Князь первым пошел против этих, мягкотелых и голых, с их торчащими и лохматыми детородниками, с их ленивыми рыхлыми движениями и тупыми глазами, полными бездонного эгоизма. Именно князь обеспечил их смертью, а вместе с нею и всеми сопутствующими тому прелестями и приятствами, за что и был он, один из первых бунтовщиков неба, развенчан, и проклят, и выброшен во тьму внешнюю, как собака из дома… И всем нам было известно, что с князем преступное ослушание связалось впервые – и только по причине появления этих голеньких мелких существ.
А им и смерть и изгнание не были помехой для дальнейших их вредопакостей в нашу сторону. Пышногрудые еврейские девы и белокурые красотки Атлантиды стали причиною следующей волны репрессий в ангельском сонме… А когда наши дети от земных жен вместе с их матерями были утоплены в водах всемирного потопа, вызванного Его гневом, многие из нас сами вышли во тьму внешнюю и полетели искать князя…
А некоторые не стали ни армейцами князя, ни зловещими городами, ни загрязненными реками земли – действуя в одиночку, они летали в качестве пилотов НЛО и в основном стимулировали появление боевых самолетов с ядерным вооружением. Но в последней решительной битве участвовали все – и одинокие партизаны также; после того как войска князя были разбиты и летом 1914 года сброшены в виде грандиозного метеоритного дождя с небес на землю, некоторым из одиночек удалось ускользнуть в космос – и они навсегда расстались с земной жизнью. То есть их постигла смерть. Это были первые ангелы-самоубийцы, добровольно вкусившие смерть, которые таким способом были наказаны за их ненависть к людям.

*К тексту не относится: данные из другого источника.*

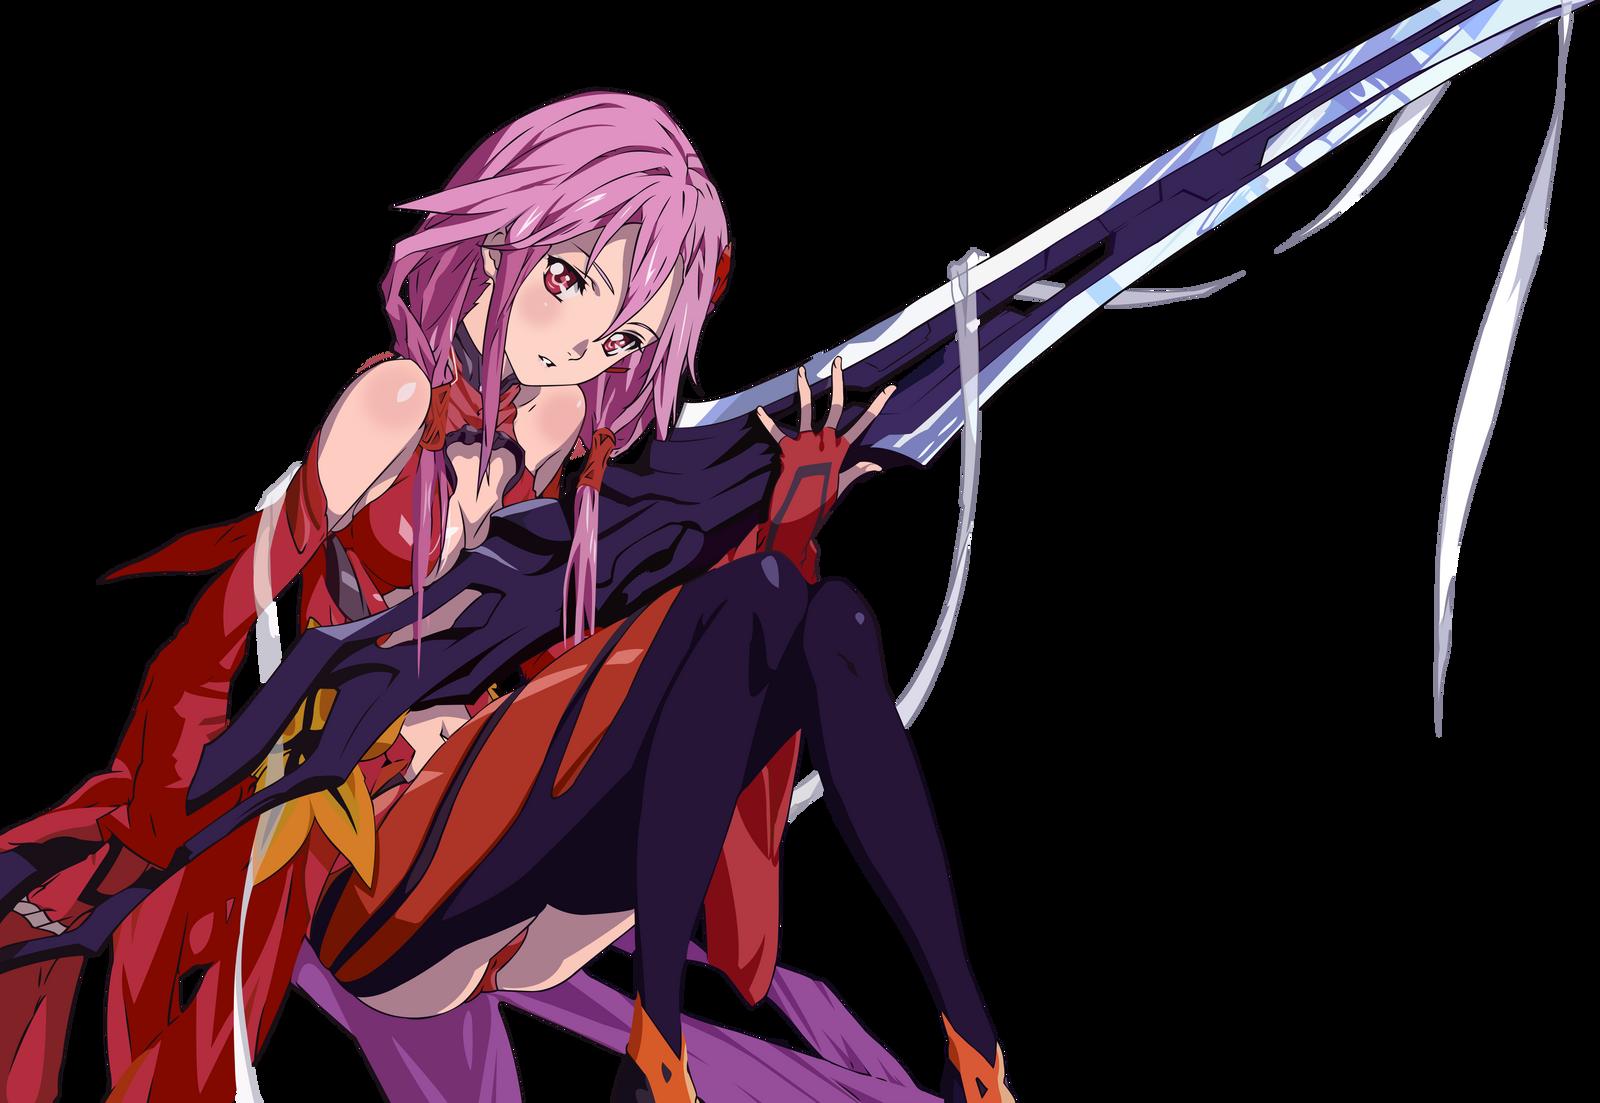 inori yuzuriha by assassinwarrior -#main

Значит, приобщение к вечной земной жизни и есть бессмертие; отлучение от этой жизни и есть смерть. Истинный Его гений в том и заключался, что вечность была нерасторжимо связана с жизнью. И венцом творения явился все же человек, ничего с этим не поделать, как бы мы, надевшие карнавальные маски, нырнувшие в диски компьютеров, закрывшиеся щитами из людских тел, – как бы мы ни презирали это Адамово-Евино потомство, уже миллиарды раз обманутое и надругательски истязуемое нами, совершенно чудовищное в своем поведении – но любимое, по-прежнему любимое Им!
Один из них еще задолго до рождения Христова получил возможность узнать о воскресении из мертвых – это был певец Орфей из Греции, которому разрешено было вернуть из подземного царства смерти его жену. Но он нарушил запрет, наложенный на него царем мертвых, и первое воскрешение человека не состоялось: жена Орфея не вышла из подземного Тартара. Сын своей матери, каждый потомок Евы удобен для нас первым делом этой своей способностью страстно желать именно того, чего ему не разрешается.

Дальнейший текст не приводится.